CH. 7 SCHOOLS & SCHOLARS

  • universitas means "guild"
  • heavy restrictions on who could teach (hence magister controversy at Uni. of Paris)
  • monks preserved medieval learning but cathedral schools were university's forerunners
  • a freshman was called a "bajan" & bas. had to host a feast when accepted to uni (& poss. get hazed)
  • had to converse in Latin during lessons
  • "goliards" were wandering scholars
  • Paris specialized in theology, Orléans in classics, Salerno in medicine, & Toledo in "magic"

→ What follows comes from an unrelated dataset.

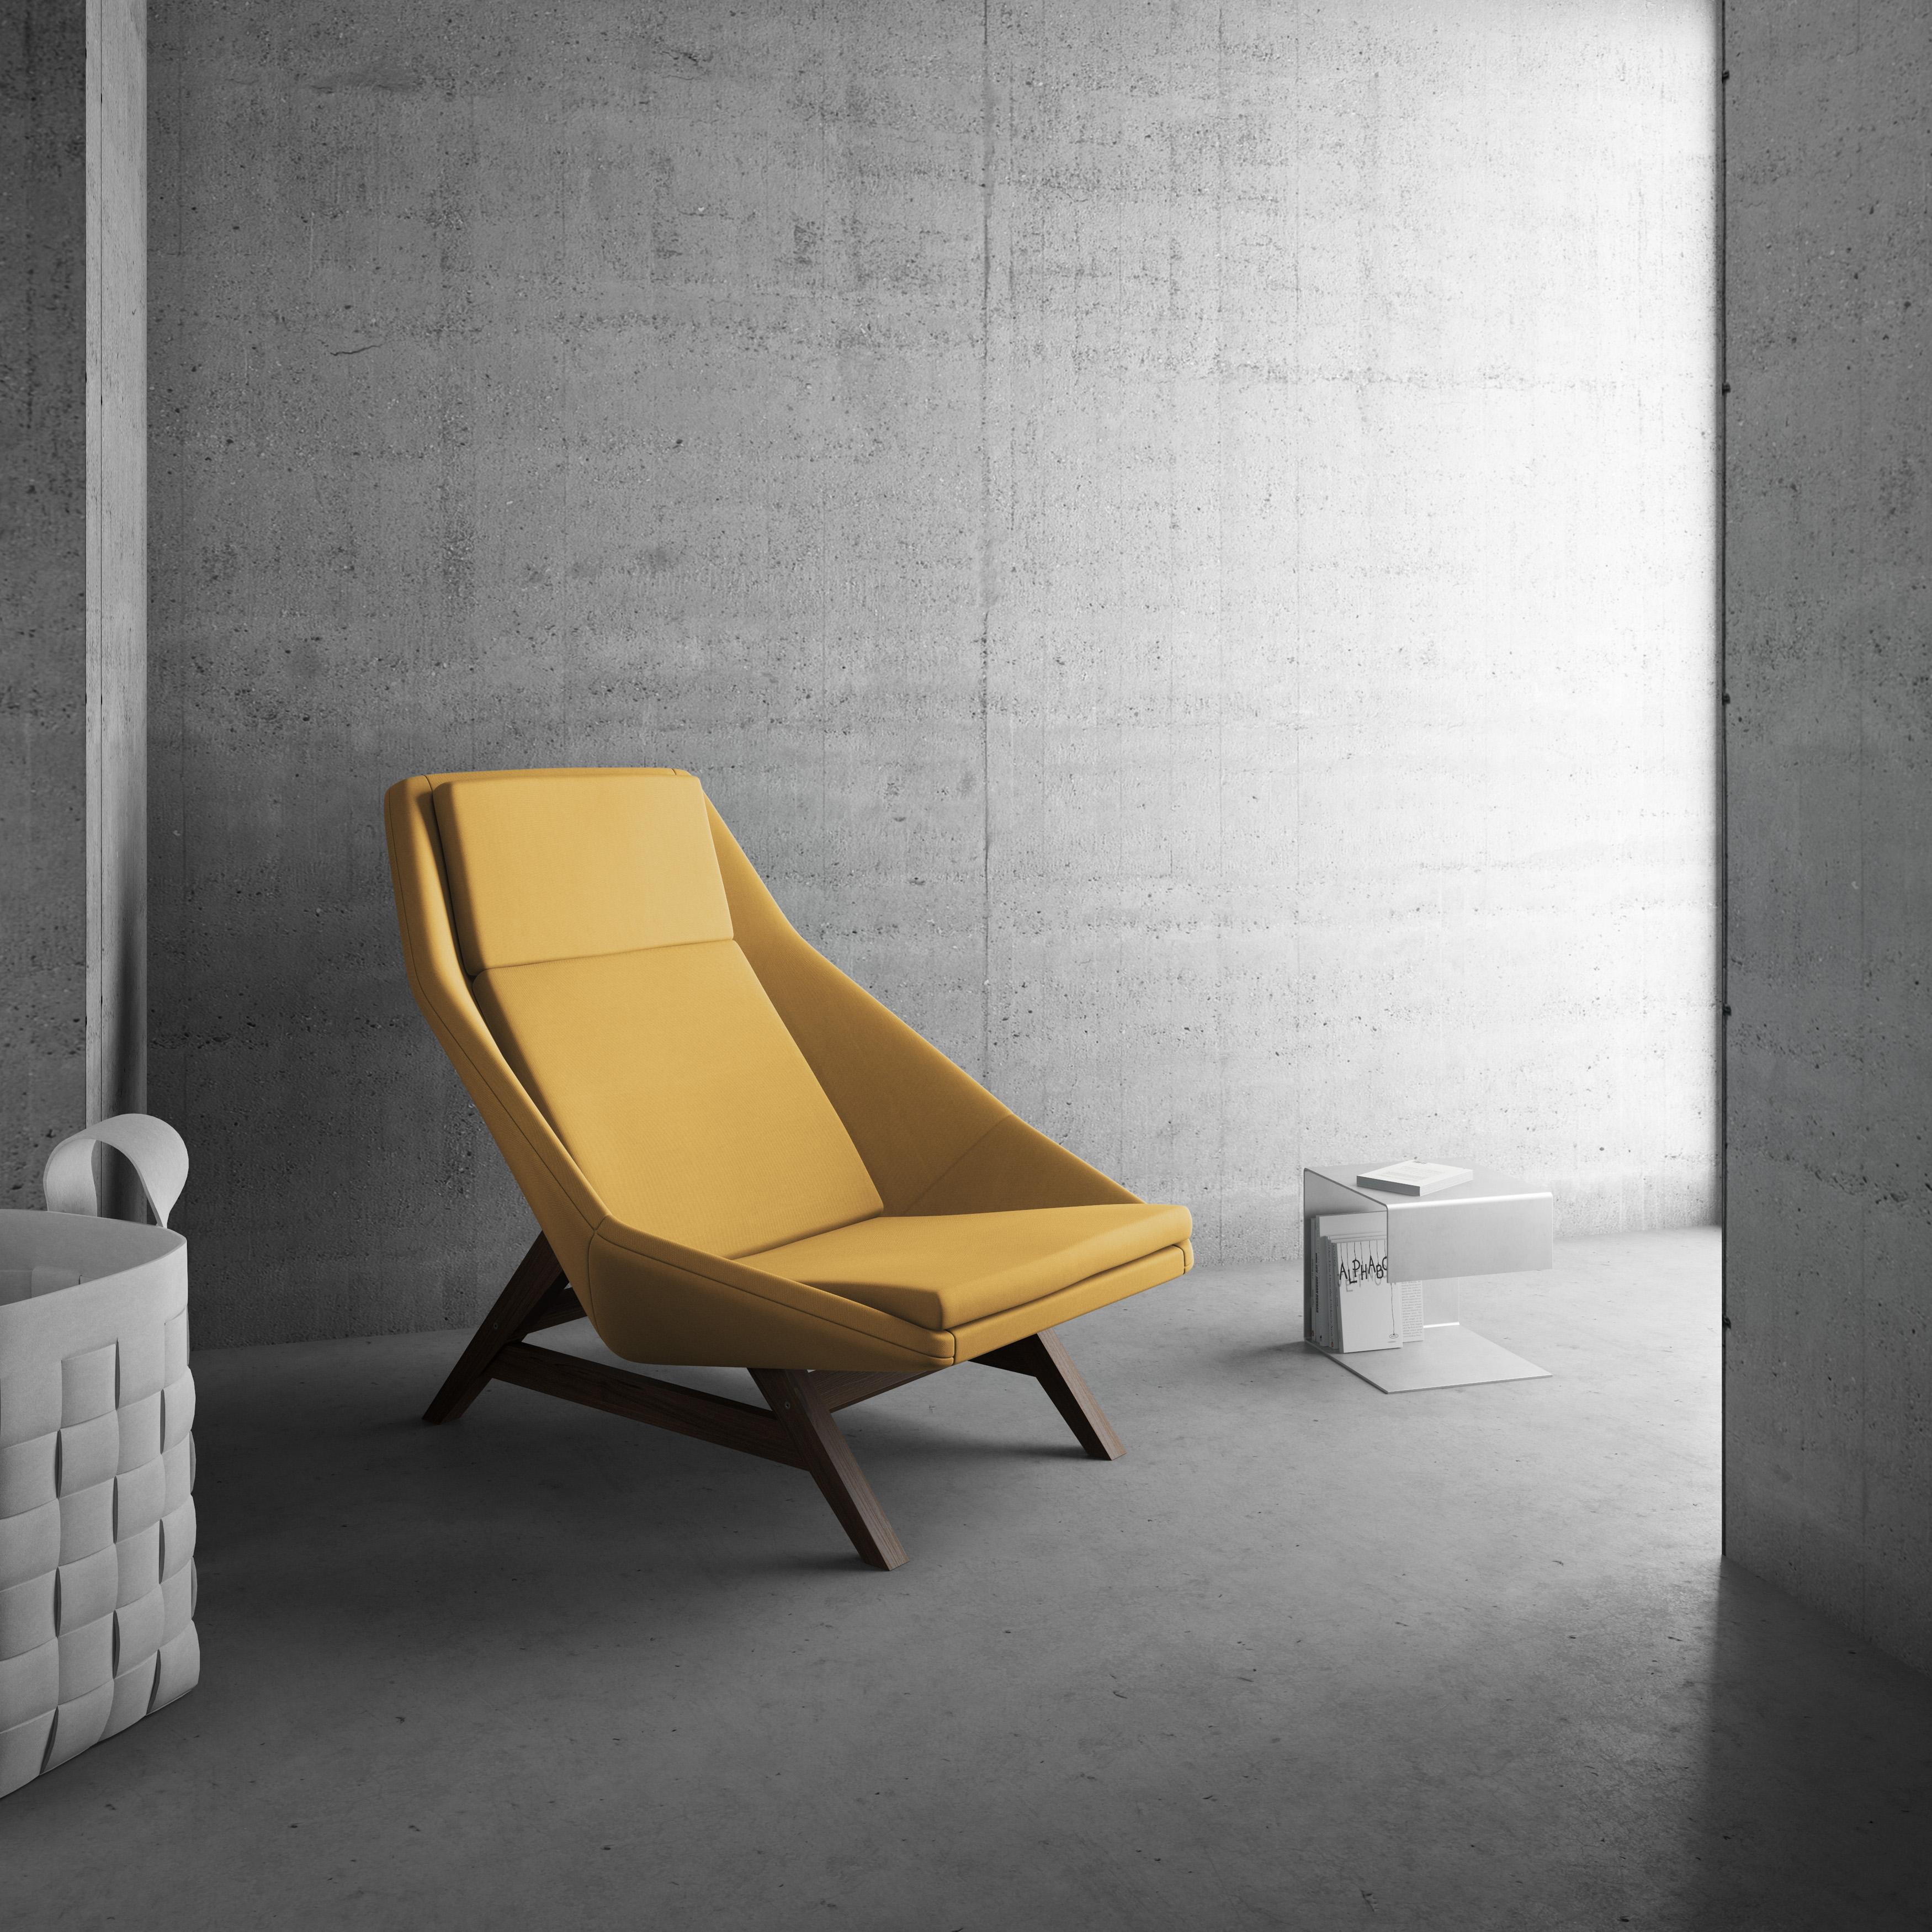 Fotel_MITO_Fotel do wypoczynku. Jest duży i bardzo komfortowy. Jego kształt przyciąga uwagę.Żółty.

CH. 8 CHURCH BUILDERS & ARTISTS

  • Council of Nicaea said "the composition of religious imagery is not left to the initiative of the artists"
  • artists were given models, mock-ups, & instructions for their designs by the church
  • the pickled children in the St. Nicholas tale are supposed to be naked pagans in a baptismal font
  • bishops having actual fits over whether the cross had headbar/footbar & nailed separately or together
  • Martianus Capella was an African grammarian in the 5th c. who personified the 7 liberal arts as "beautiful women"
  • church of St. Denis erected in 775
  • Einhard, Charlemagne's secretary (& biographer I think), was described as "little Nard who runs to and fro like an ant"
  • Charlemagne's era sees "conscious pride in a renewed Roman Empire"
  • Bishop Suger rebuilt the Romanesque church of St. Denis in Gothic style ~1150

CH. 9 DOCTORS & PATIENTS

  • the Brancas (father & son) performed plastic surgery in northern Italy
  • Pope Boniface published a statute in 1300 forbidding the desecration of the dead; it was intended to stop people from boiling the flesh off crusaders' bones in order to send them home more easily, but resulted in the near-cessation of anatomy lessons

CH. 10 SCIENTISTS & TECHNOLOGISTS

  • Bishop of Tournai in 1202 writes to the pope complaining of "long-haired adolescents" & new-fangled thinking
  • translation of Aristotle's Physics & Metaphysics in early 13th c. brought Greco-Roman learning back to western Europe & spurred debate
  • in 1210, University of Paris banned both books as well as commentaries on them
  • church eventually said it was okay to read them if you ignored the heretical parts
  • Thomas Aquinas' Summa Theologica attempted to reconcile Aristotle w/ orthodoxy
  • translations of Arabic texts also intro'd alchemy & quest for transmutation
  • Basil Valentine's The Twelve Keys uses a "fierce gray wolf" to symbolize antimony
  • "charcoal-burners" also called "puffers" for the bellows that were always going
  • Pope Sylvester II called "the greatest necromancer in France" & some ascribed his ascension to the papacy to demonic aid
  • in standard cosmology, 🜨 surrounded by a watery layer, then air, then fire, then the sky ☾☿♀︎☉♂︎♃♄*
  • paper-making intro'd to Spain c.1150

In conclusion, it is an excellent and informative book with only a few eyebrow-raising passages.  Anyone looking for a solid introduction to high or late medieval Europe would do well to read Everyday Life in Medieval Times.